At Metal, one of our focus areas has been in-depth research on the investing behaviours of venture investors. Across historical data, one prominent trend is that venture investors love to invest in patterns that they believe will deliver returns. For instance, investors that invest in HR Tech once or twice are significantly more likely to make additional investments in that particular area (relative to investors that haven't done any prior work in the space). This unfolds an important truth about venture investments:
When Investor X makes an investment in a specific vertical, that event serves as evidence that the investor views that space favourably. Put differently, investors that have made multiple investments in HR Tech are more likely than others to make further investments in that space.
Understanding Opportunity Spaces
In order to identify similar companies, one layer of complexity lies in understanding what exactly qualifies as "similar". As an example, a company that builds a hyperlocal marketplace for senior care is actually strikingly similar to one that develops a hyperlocal marketplace for gardeners.
Traditional sectors would categorize the former within healthcare and the latter within home care. In reality, however, both companies have a super similar business model (built around enabling users to earn money by delivering basic services within their neighbourhood).
In the long term, with the right quantum of training data, AI models will get really good at identifying similar companies. Alongside similarity in business models, another important layer of complexity involves the broader investing thesis that a given company falls under.
Collectively, similarity in business models and overlapping investing thesis come together to form what we refer to as an"opportunity space". Investors that have historically invested in the same opportunity space as a given company are ultimately the "most likely" financing partners.
Metal's Investor Ranking Models
At the very core of Metal's technology lies our investor ranking model. With the right quantum of training data, our model has the ability to identify the "most likely" investors for a given Company -- the model uses data points derived from on a unique combination of industry and user generated information. An early version of our ranking model is already live on the platform, enabling users to identify investors that are a particularly strong fit for their company and round.

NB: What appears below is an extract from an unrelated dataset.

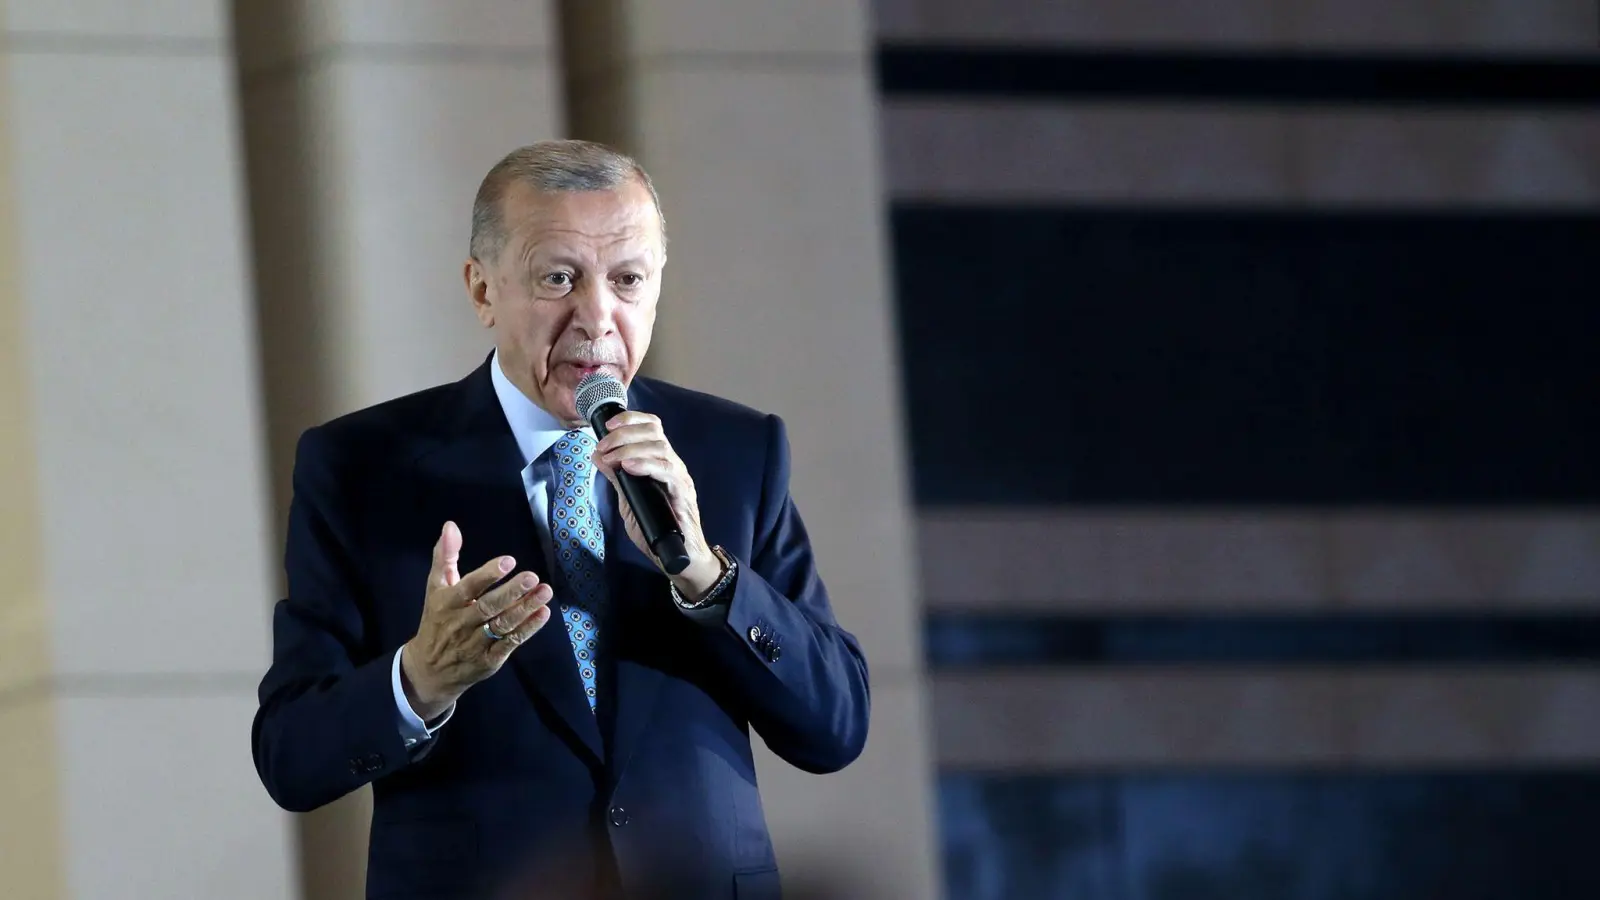 Recep Tayyip Erdogan, Präsident der Türkei und Präsidentschaftskandidat der Volksallianz,  hält eine Rede im Präsidentenpalast in Ankara. (Foto: Mustafa Kaya/Handout/XinHua/dpa)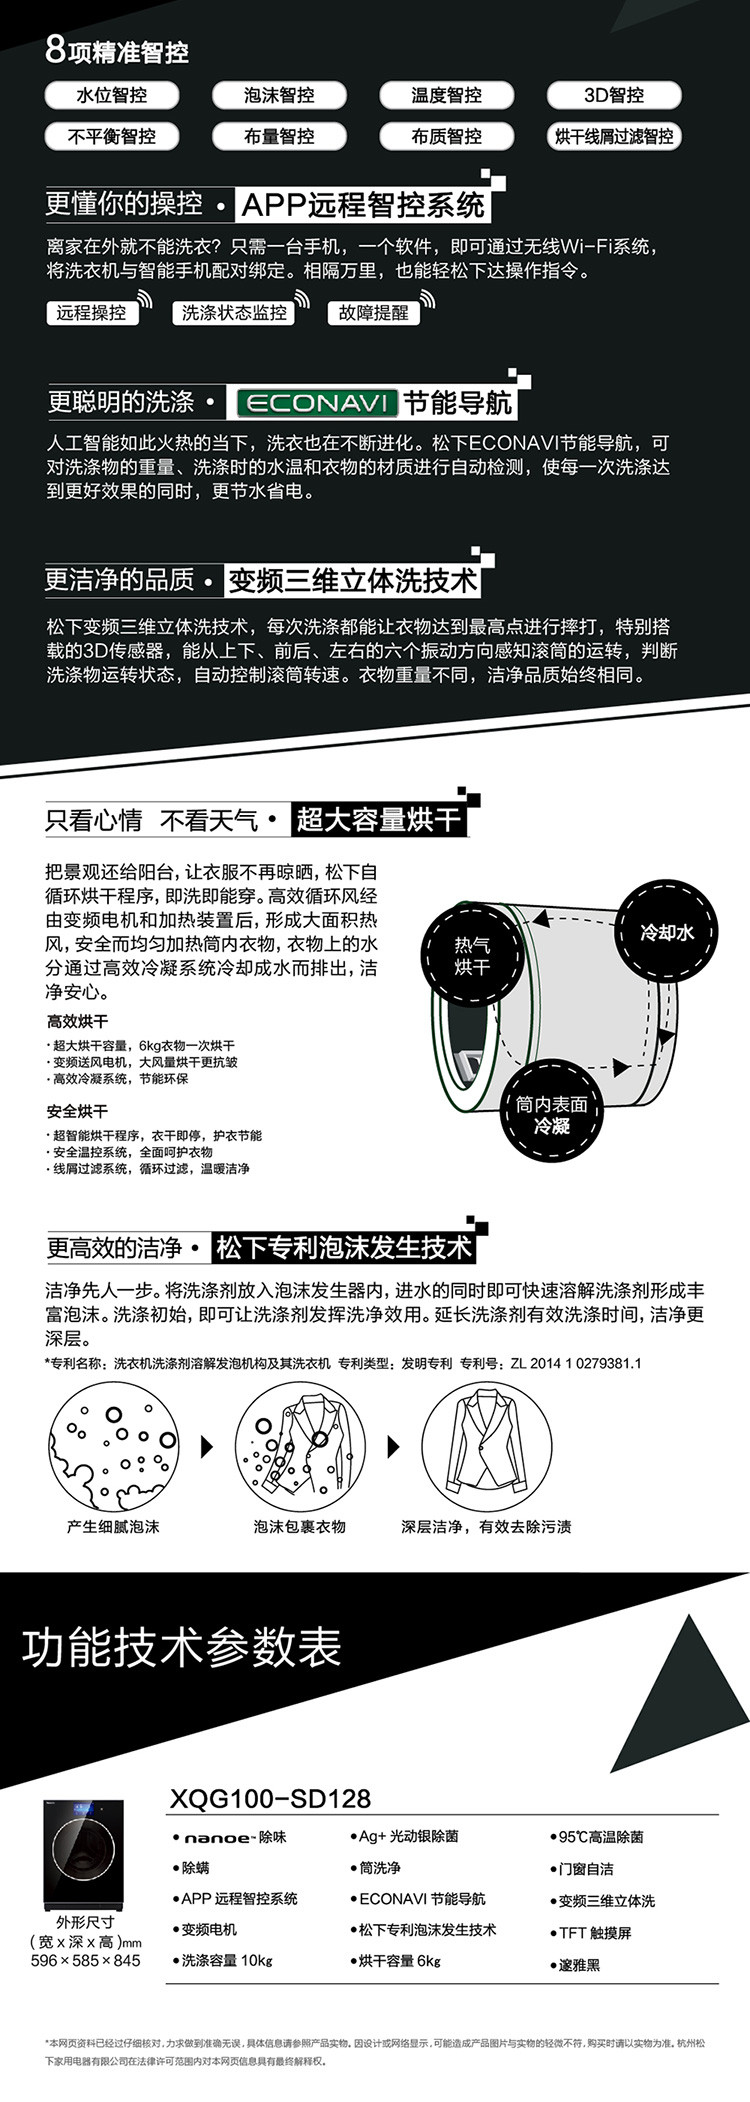 松下/PANASONIC 滚筒洗衣机 10公斤柜式一体化邃雅黑XQG100-SD128

Ultimately, we believe that the overall venture industry will benefit from AI models that can identify which investors are most likely to lean in on specific types of companies and/or rounds.
Founders that zoom in on the right type of "most likely" investors are often able to close rounds with a higher level of certainty than those adopting a "spray-and-pray" approach. All else being equal, pursuing high-relevance investors reduces the time it takes to close, improves overall odds of a successful close, and eliminates the need to talk to a very large number of investors.